## Data shown
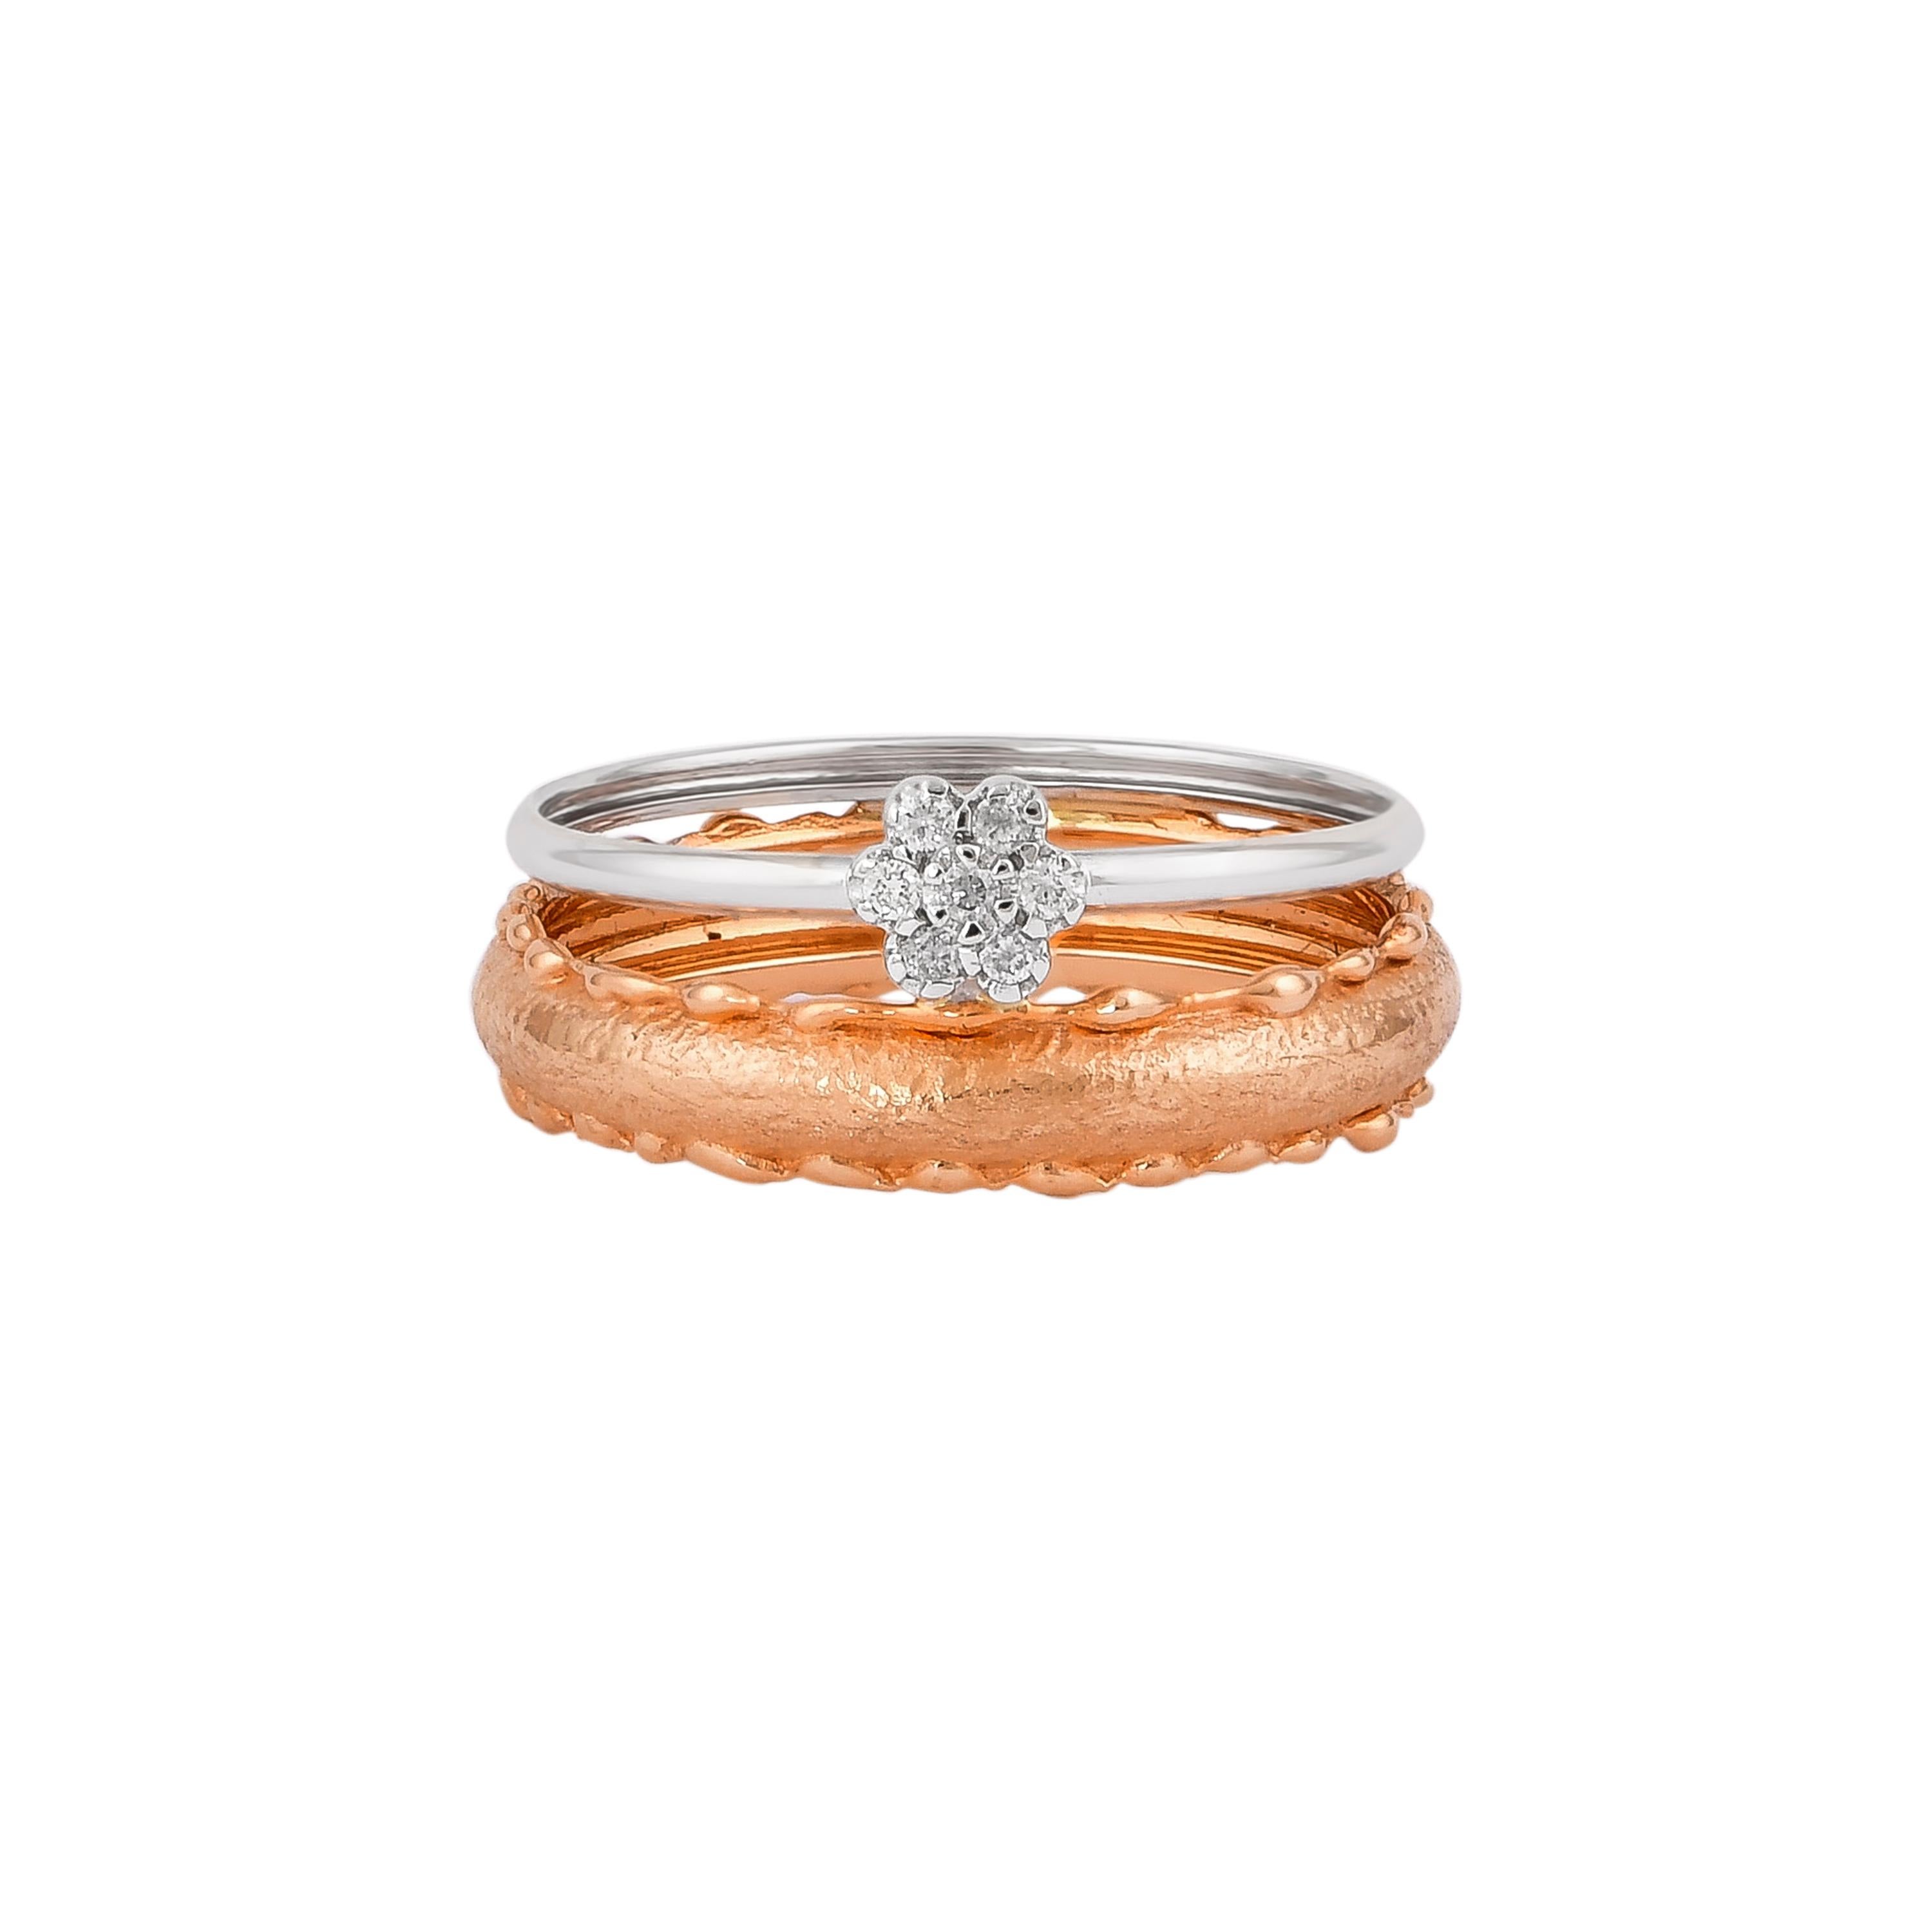 Round Cut 0.056 Carat Diamond Ring in 18 Karat White & Rose Gold For Sale
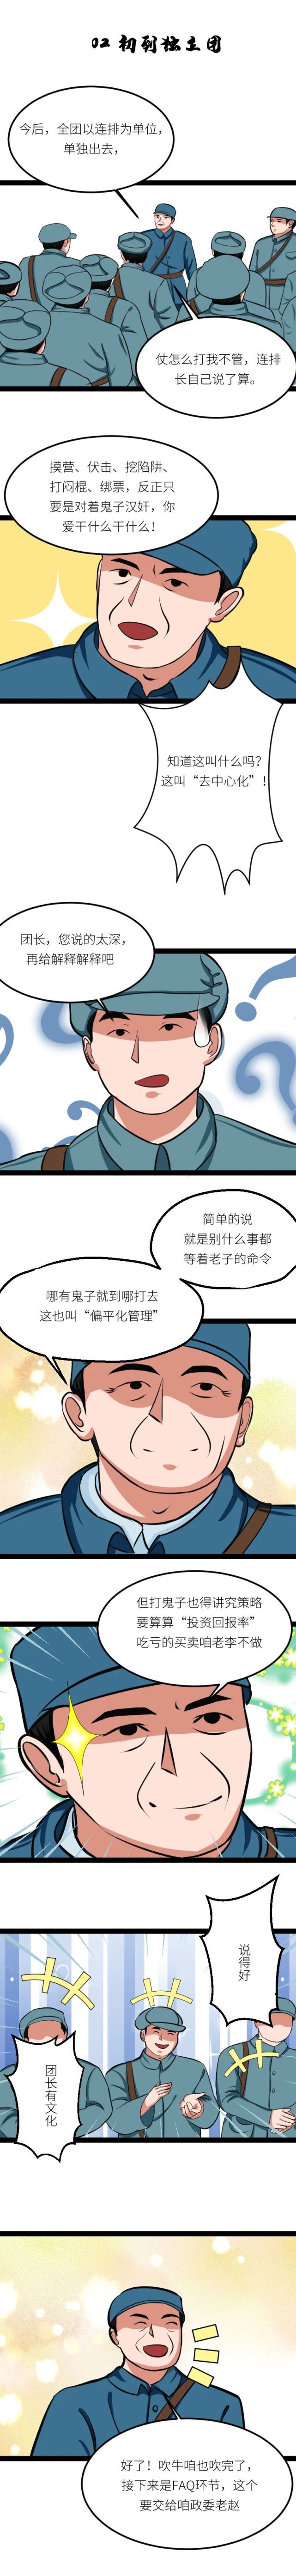 漫画 李云龙"玩互联网,憋住请别笑!
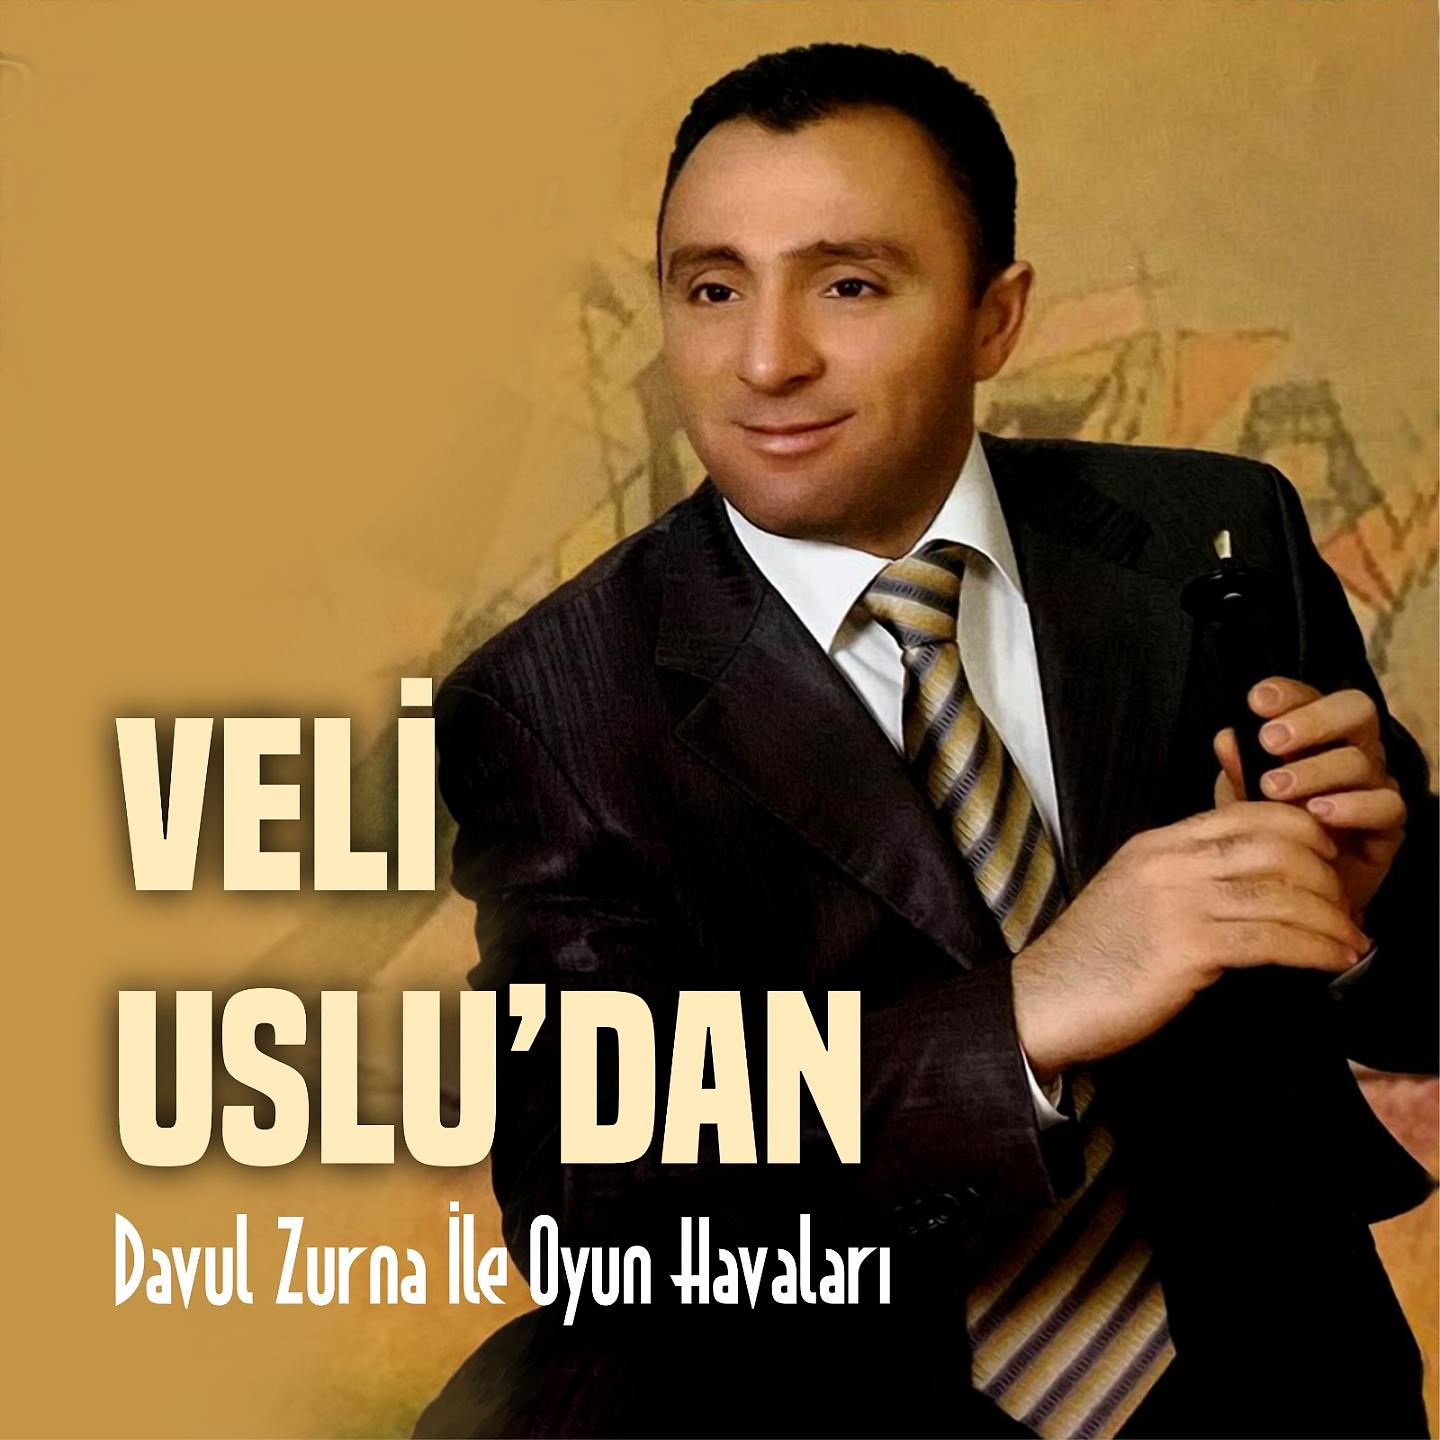 Постер альбома Davul Zurna İle Oyun Havaları

## Task instructions
If pictures appear in the data, do not print them; repeat the rest exactly.

## Expected output
 Round Cut 0.056 Carat Diamond Ring in 18 Karat White & Rose Gold For Sale
 漫画 李云龙"玩互联网,憋住请别笑!
 Постер альбома Davul Zurna İle Oyun Havaları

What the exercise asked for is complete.